Friday, May 22, 2009

Re-match, bitch.

My senior year in high school, I went to the Grand Canyon. I'd been plenty of times before (after all, you can't live in the "Grand Canyon State" without going at least once), but this time was going to be different. We were going to be hiking into the canyon.

I was pretty unhealthy in high school and generally unaware of the outdoors world. But, my friends were going so I talked my way onto the trip.

"Are you sure you want to go?" one of my teachers asked me. He was concerned that someone of my, er, caliber might have a hard time hiking downhill for 2 miles and coming back on a steeper incline for another 2 miles.

"I can do it," I said. I flashed a smile, dropped some witty banter and I was in.

We got to the Grand Canyon in a group. I was nervous because the only exercise I ever got was walking from the main building in the high school to the carne asada stand in the back parking lot. More so than being nervous, however, I was cocky. I compared myself to the people I saw hiking into the canyon.

"Alright," I thought. "If that guy over there can do it, I can do it."

I started at the same pace as my classmates but after a quarter mile, my pace slowed considerably. My knees weren't prepared for two miles of downhill and grew shaky. One of my friends and a teacher, Ms. U, stayed behind to walk with me while the rest of the group practically ran down the trail. We stopped every ten minutes because I needed a break. I'd sit on a rock to take a break and watch as kids, teenagers and grandparents passed by me, smiling and laughing. I didn't understand how someone could be smiling while walking down. Good Christ, I could barely convince my mouth to open wide enough to breathe let alone smile.

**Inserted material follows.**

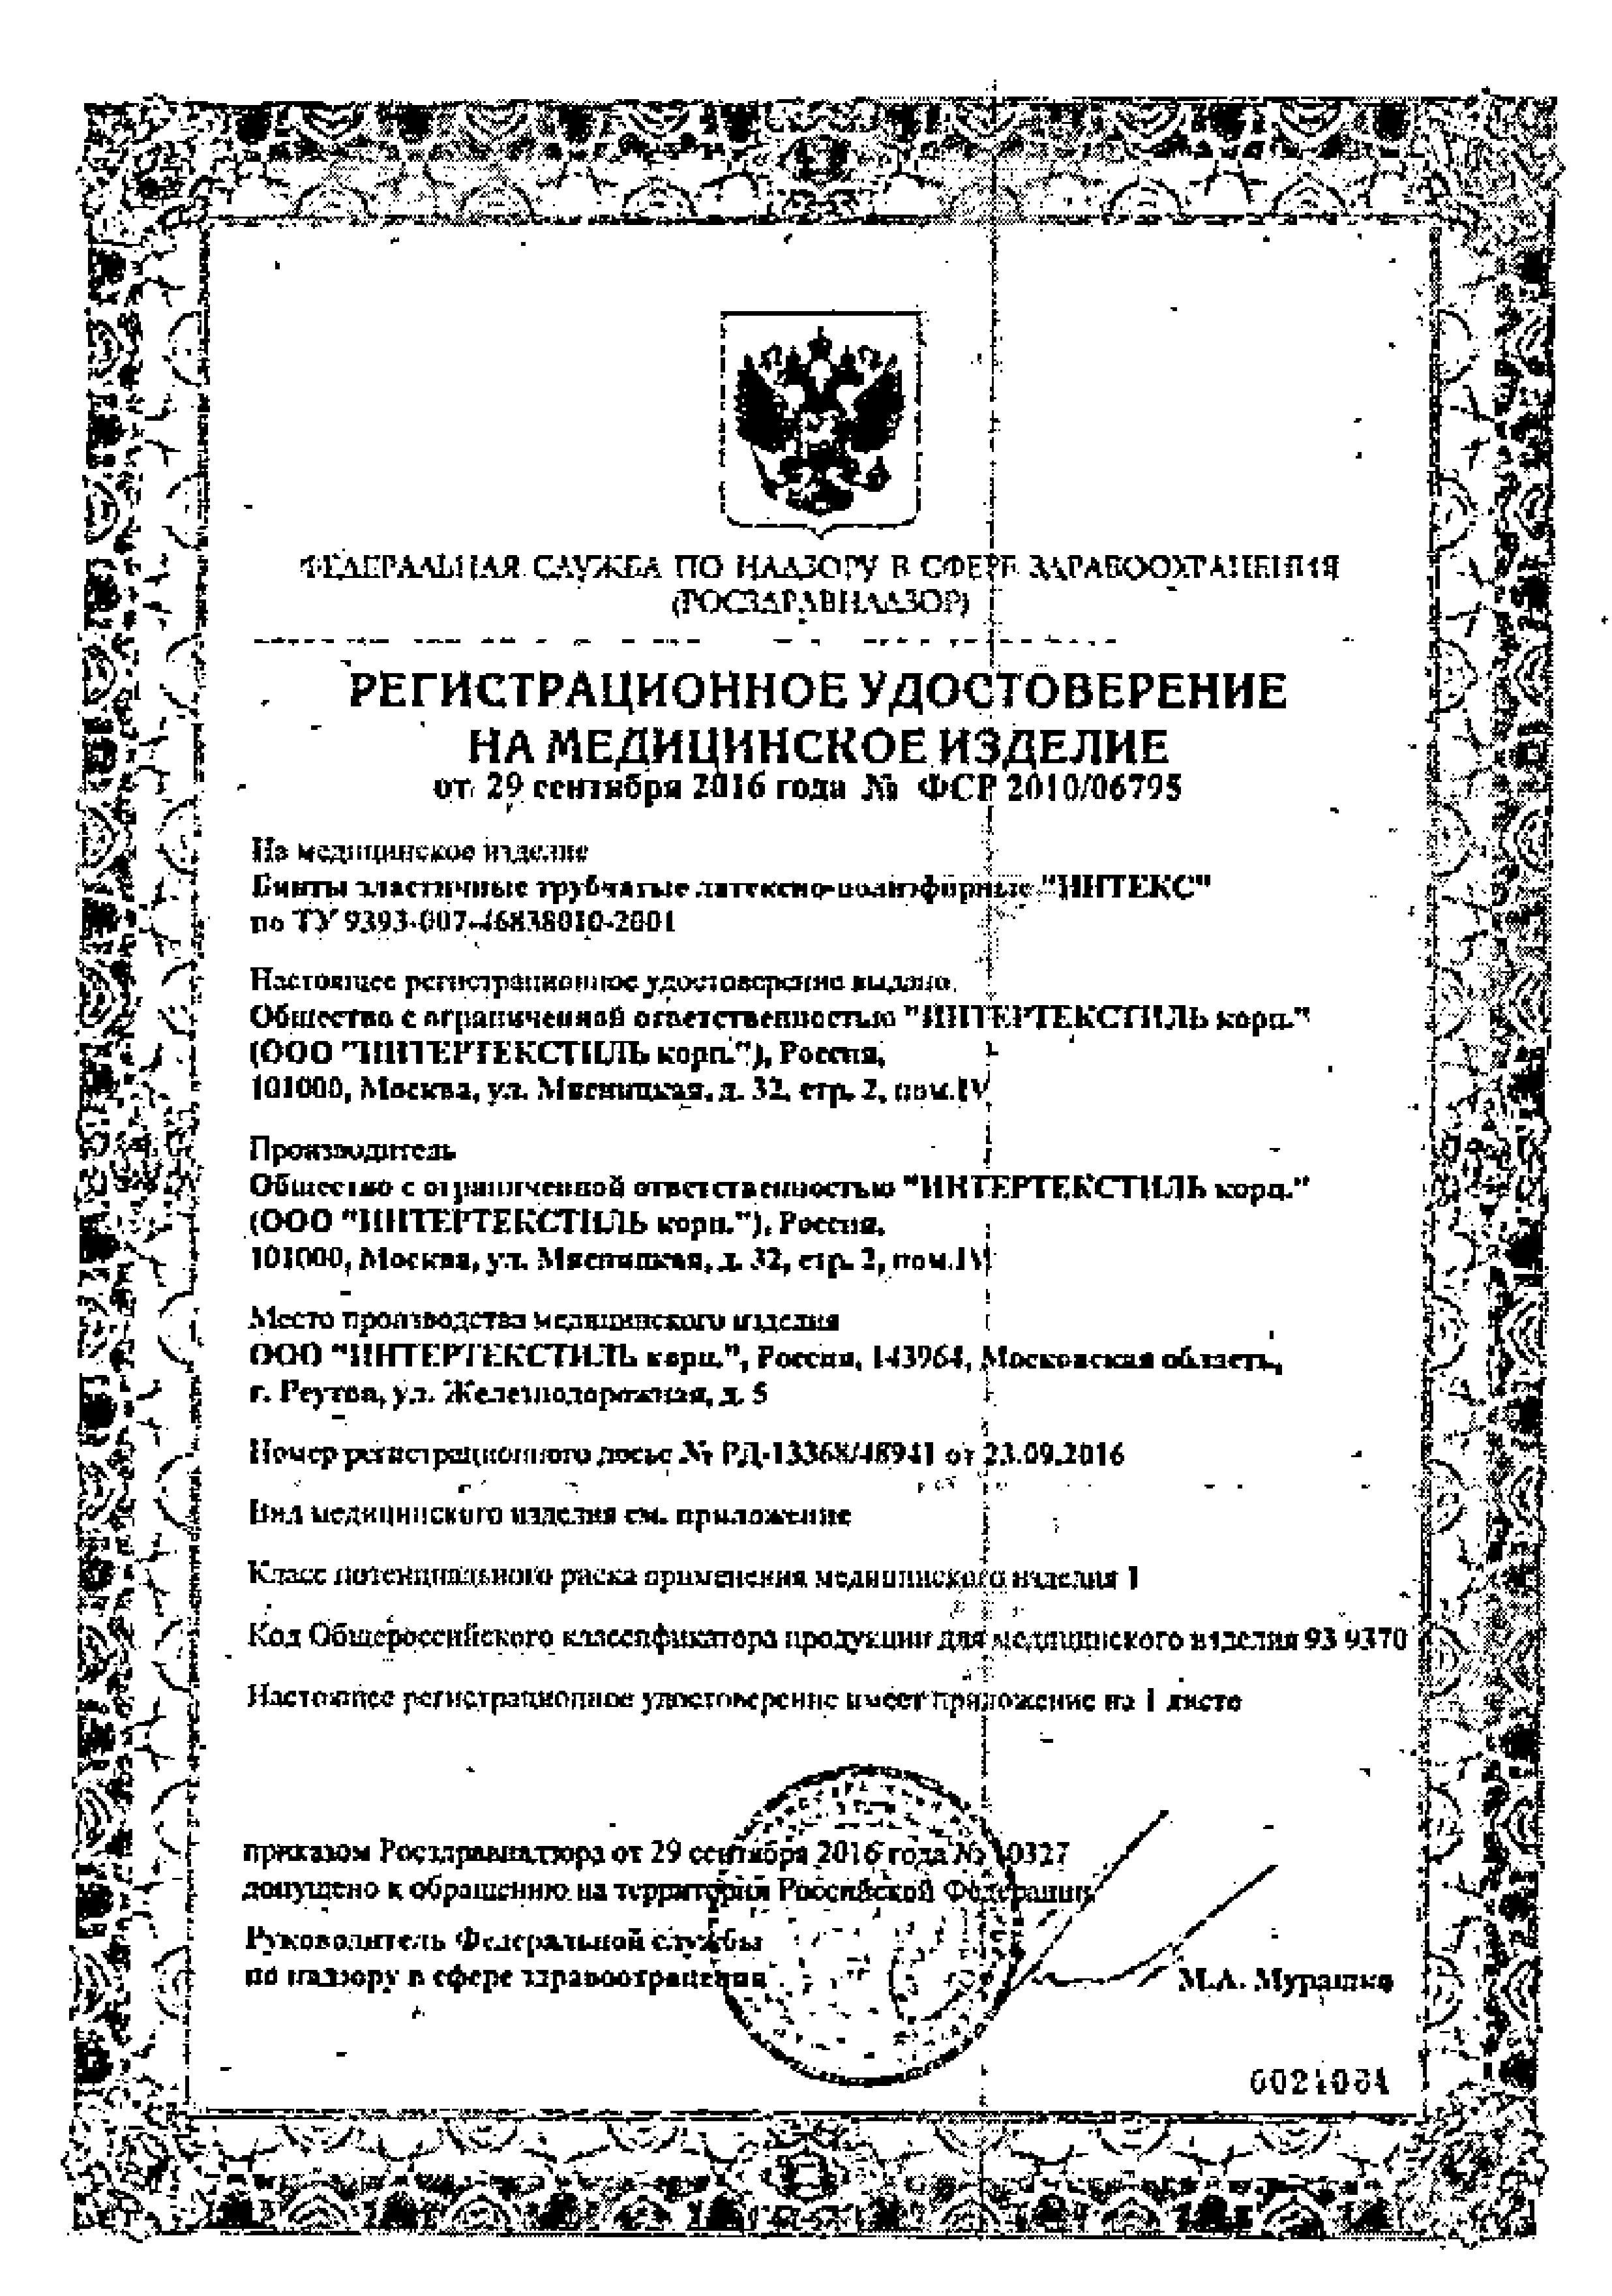 Интекс Бинт трубчатый сертификат
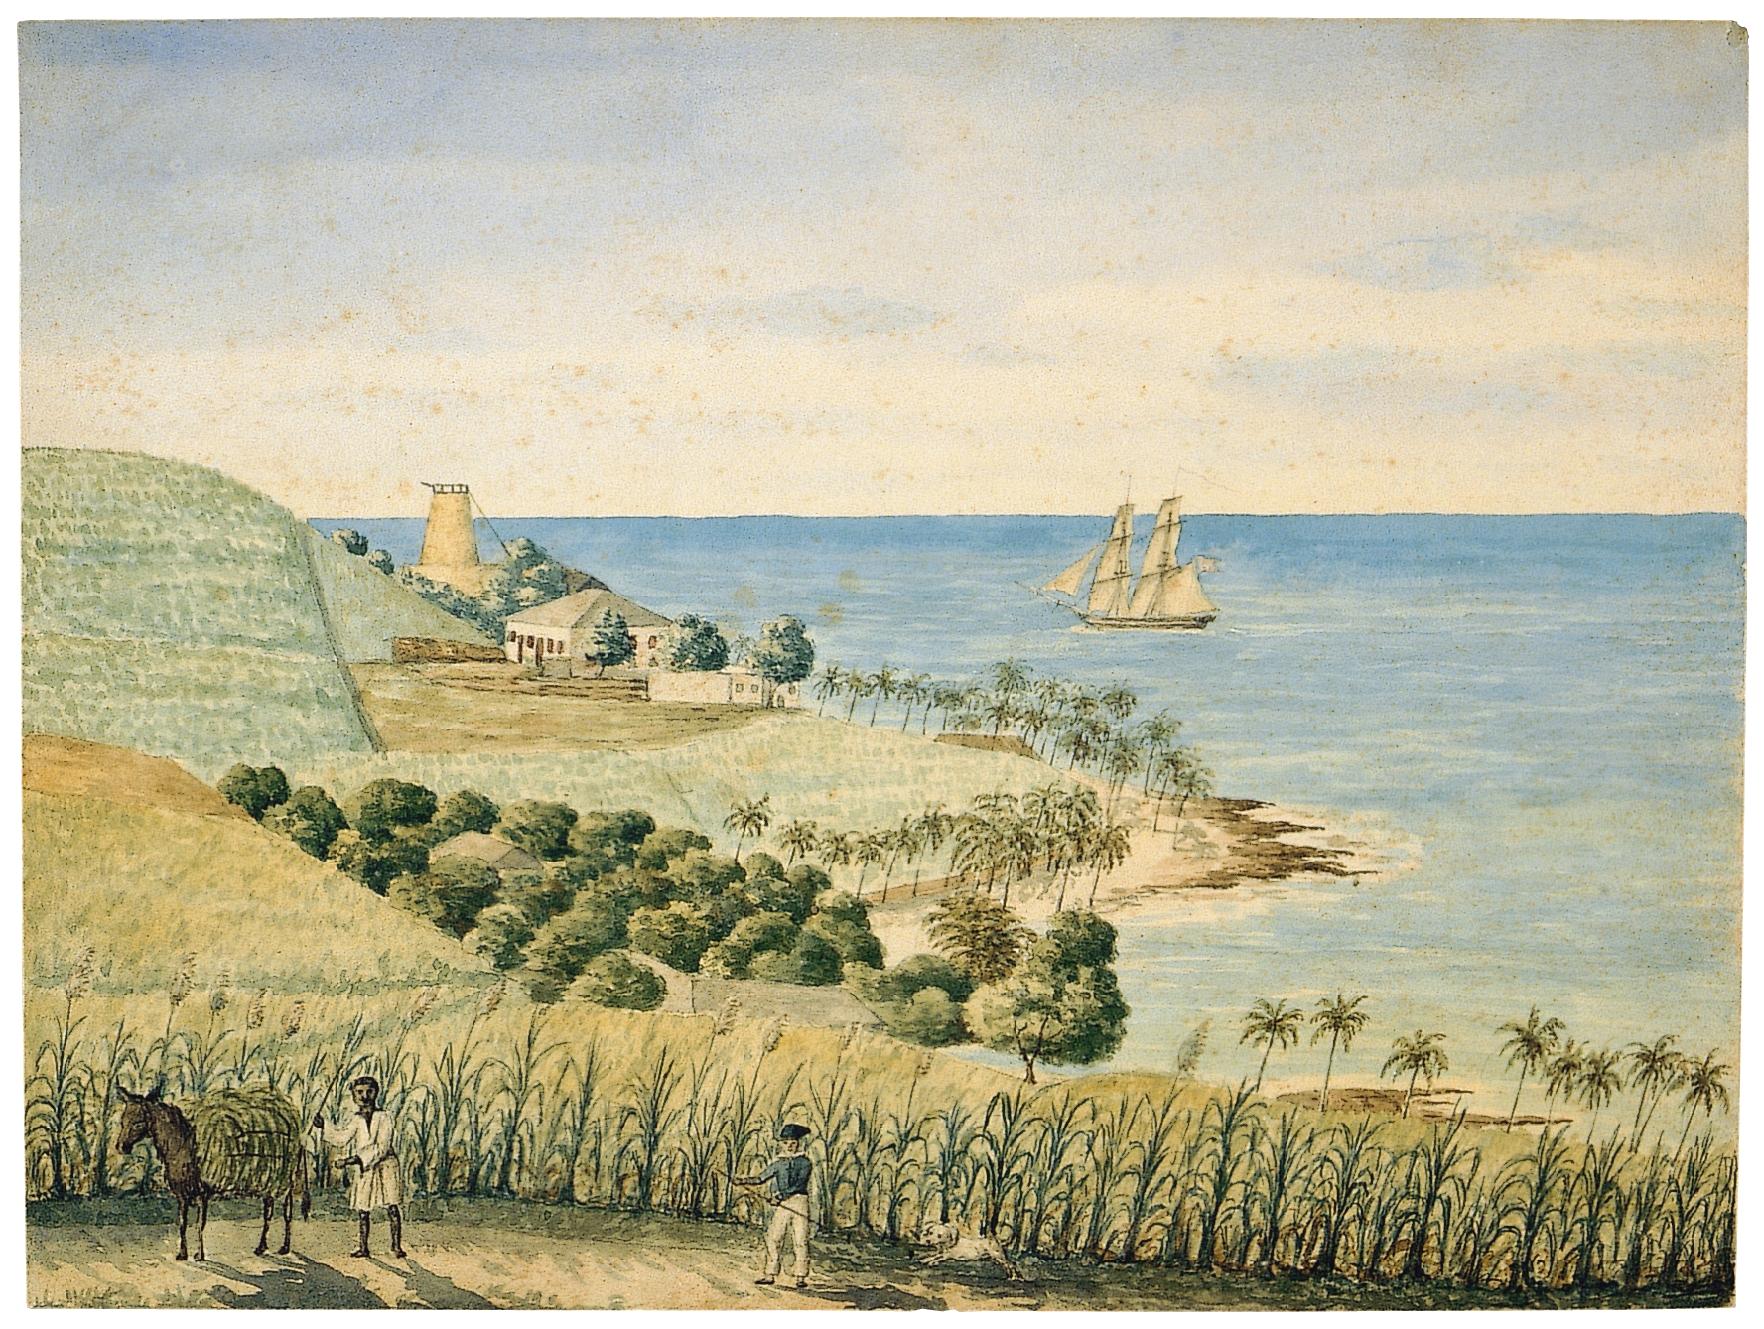 Butlersbay på St. Croix F. Scholten november 1833. Nationalmuseet.

We were a mile and a half down when another teacher, Mr. M, came trekking up the trail to meet us. The same Mr. M who I convinced to let me come on the trip was now informing me that he didn't think there was enough time for me to go all the way down to our intended meeting spot.

"It's just that it gets pretty steep up here," he said. "Everyone else is already almost down there and there's still another half mile to go from here."

I stared at him, out of breath. My friend who had been walking with me looked at me, then Mr. M, then down at the ground.

"I just want you to remember that for every bit you go down, you have to go back up," Mr. M said.

I nodded. "I'll just start walking back up then. I'll meet you guys at the rim."

Mr. M nodded and my friend gave me a wave. I was humiliated. I wasn't embarrassed at what Mr. M had said to me; he was just trying to look out for myself and the rest of the group. I was mortified that I overestimated my ability to keep up with my peers. I'd always had the mentality that if I thought I could do it, I could do it without any practice or preperation. When it came down to the wire, I convinced myself, I could do any physical task that was demanded of me. It was bad that I didn't realize my philosphy wasn't true before I made the journey down a giant canyon face, but it was even worse that something so obvious had to be pointed out to me in front of my friend. The more horrifying thing, however, was that I was more than a mile into the Grand Canyon and I had no idea how I was going to get out. I was stuck.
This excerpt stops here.